Data excerpt below:

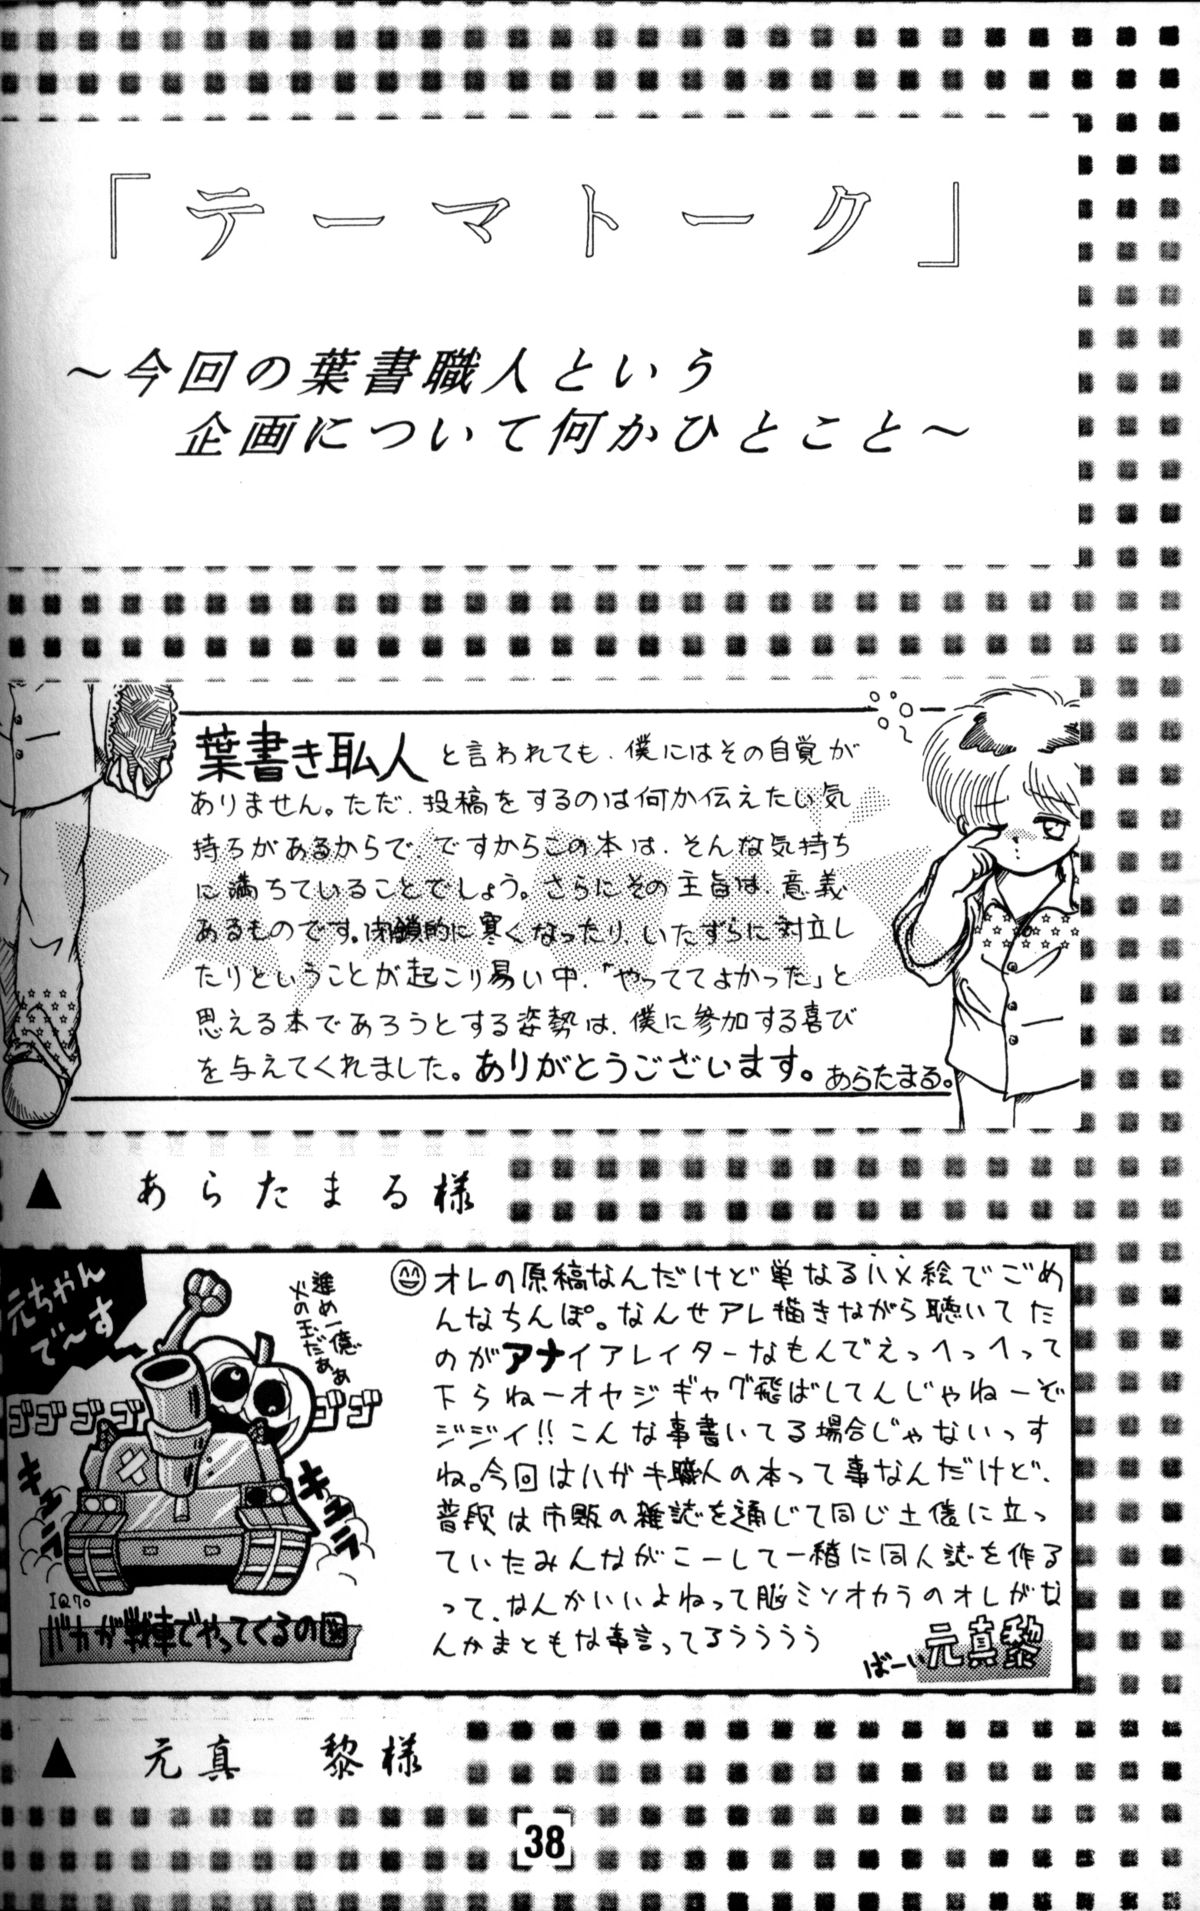 Anthology - Nekketsu Project - Volume 1 'Shounen Banana Milk' page 37 full
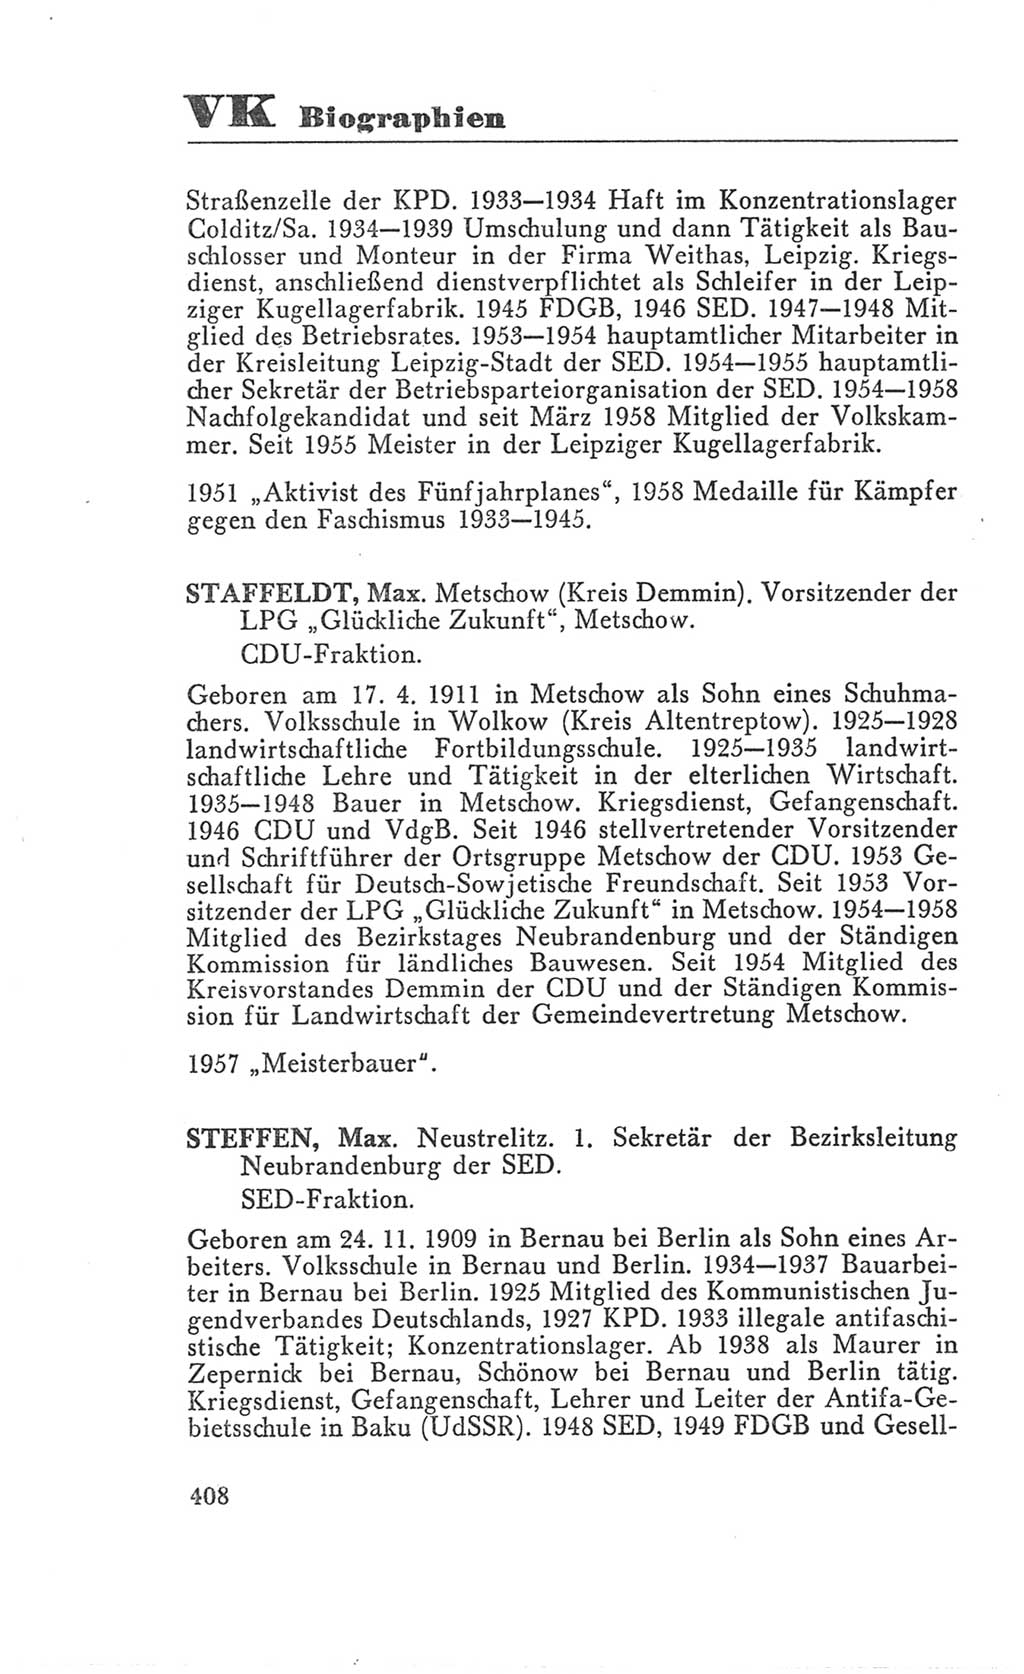 Handbuch der Volkskammer (VK) der Deutschen Demokratischen Republik (DDR), 3. Wahlperiode 1958-1963, Seite 408 (Hdb. VK. DDR 3. WP. 1958-1963, S. 408)
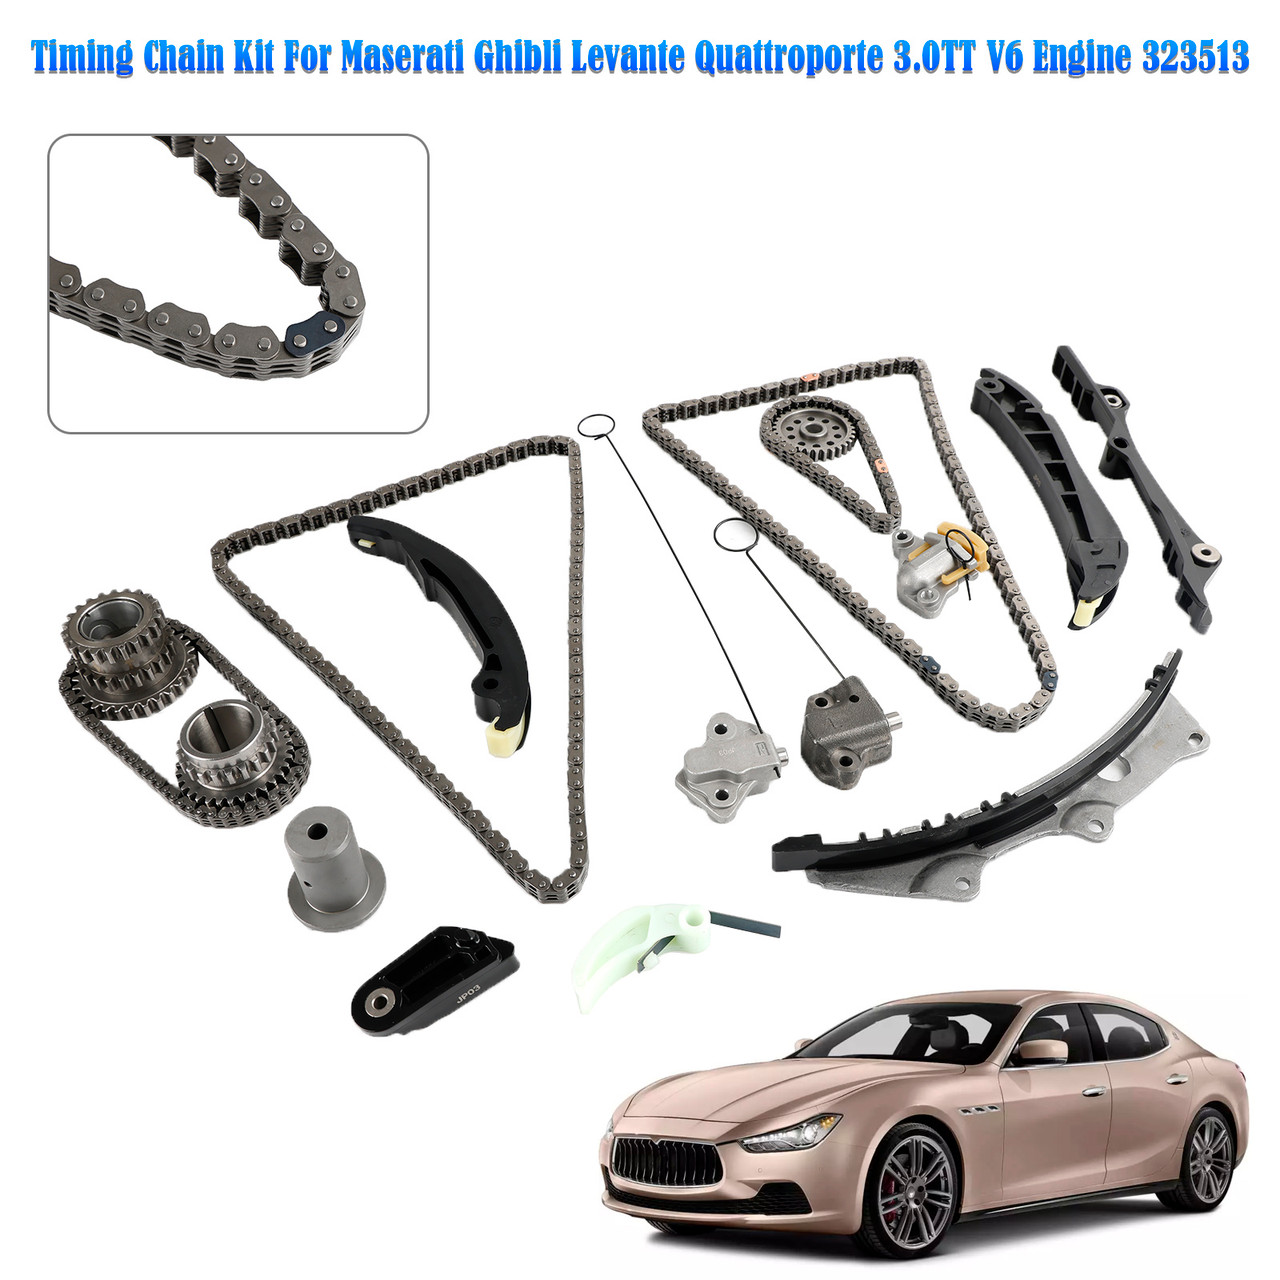 Timing Chain Kit For Maserati Ghibli Levante Quattroporte 3.0TT V6 Engine 323513
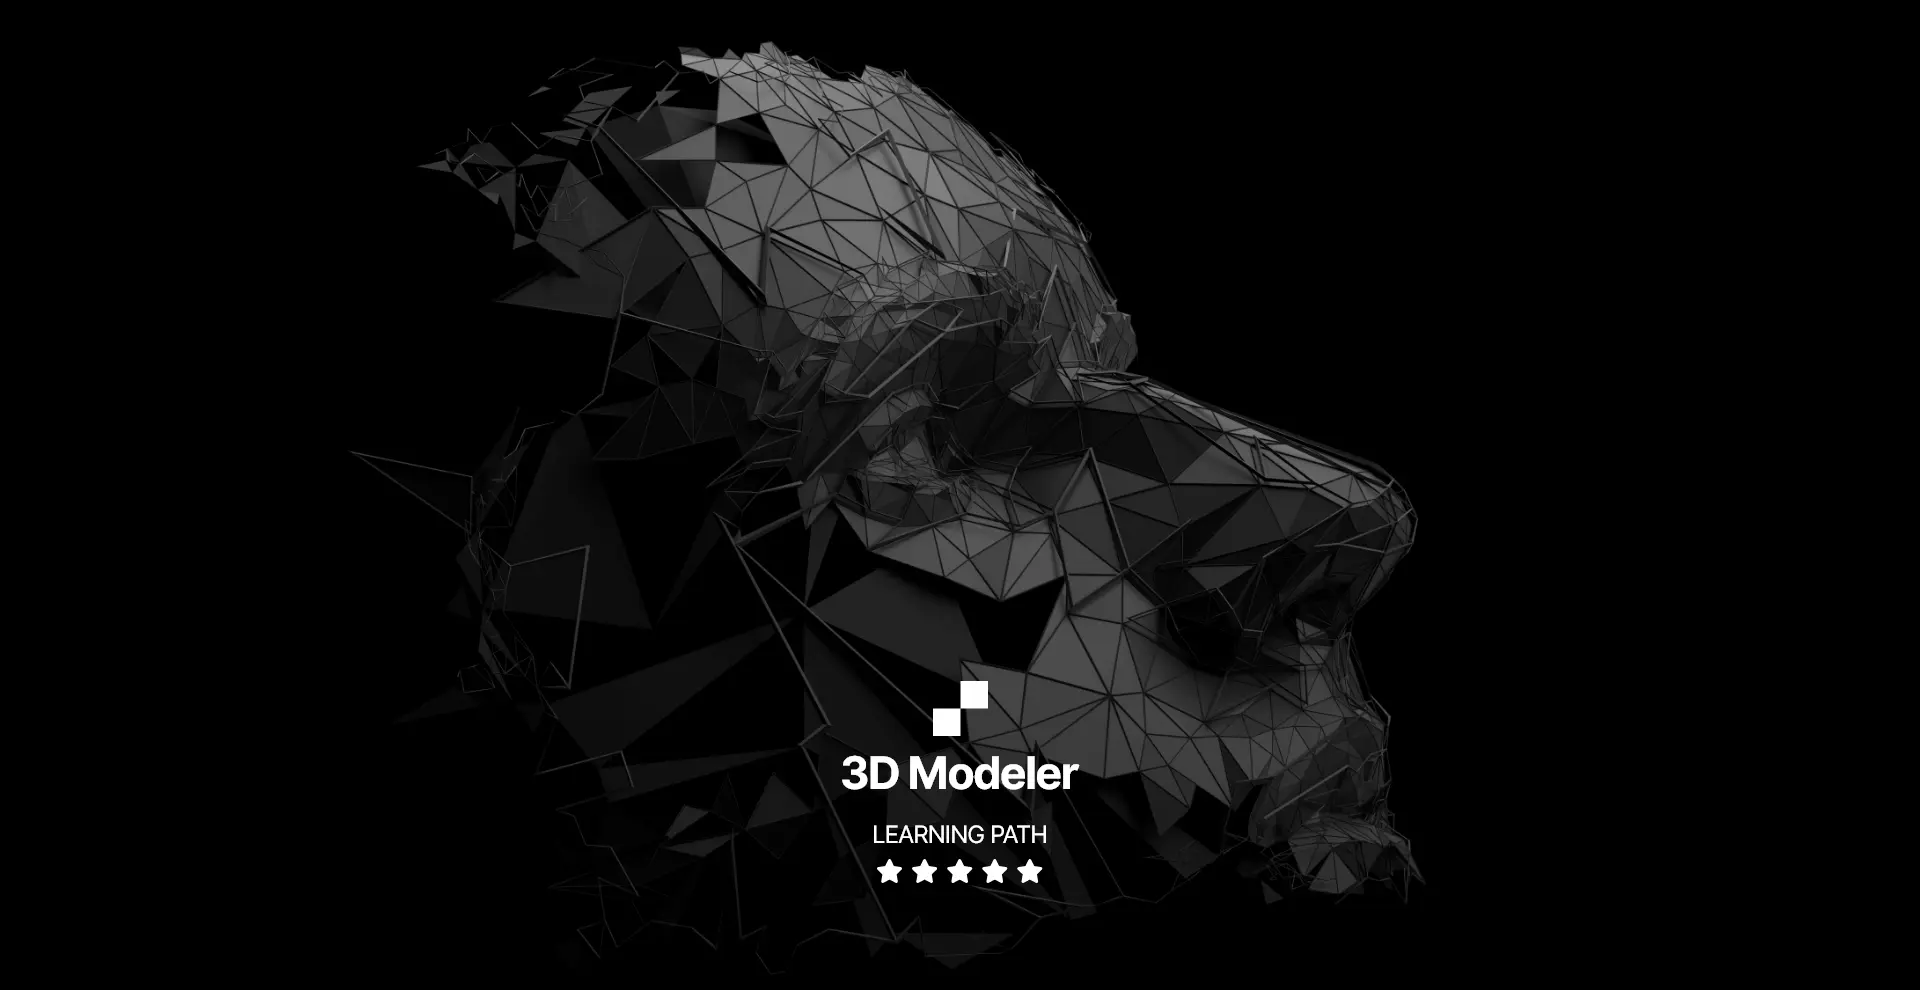 3D Modeler Learning Path

End of Data excerpt.

● Goal of the exercise:
Leaving the pictures out, write out all the material above exactly.

● Response to this exercise:
 Anthology - Nekketsu Project - Volume 1 'Shounen Banana Milk' page 37 full
 Handbuch der Volkskammer (VK) der Deutschen Demokratischen Republik (DDR), 3. Wahlperiode 1958-1963, Seite 408 (Hdb. VK. DDR 3. WP. 1958-1963, S. 408)
 Timing Chain Kit For Maserati Ghibli Levante Quattroporte 3.0TT V6 Engine 323513
 3D Modeler Learning Path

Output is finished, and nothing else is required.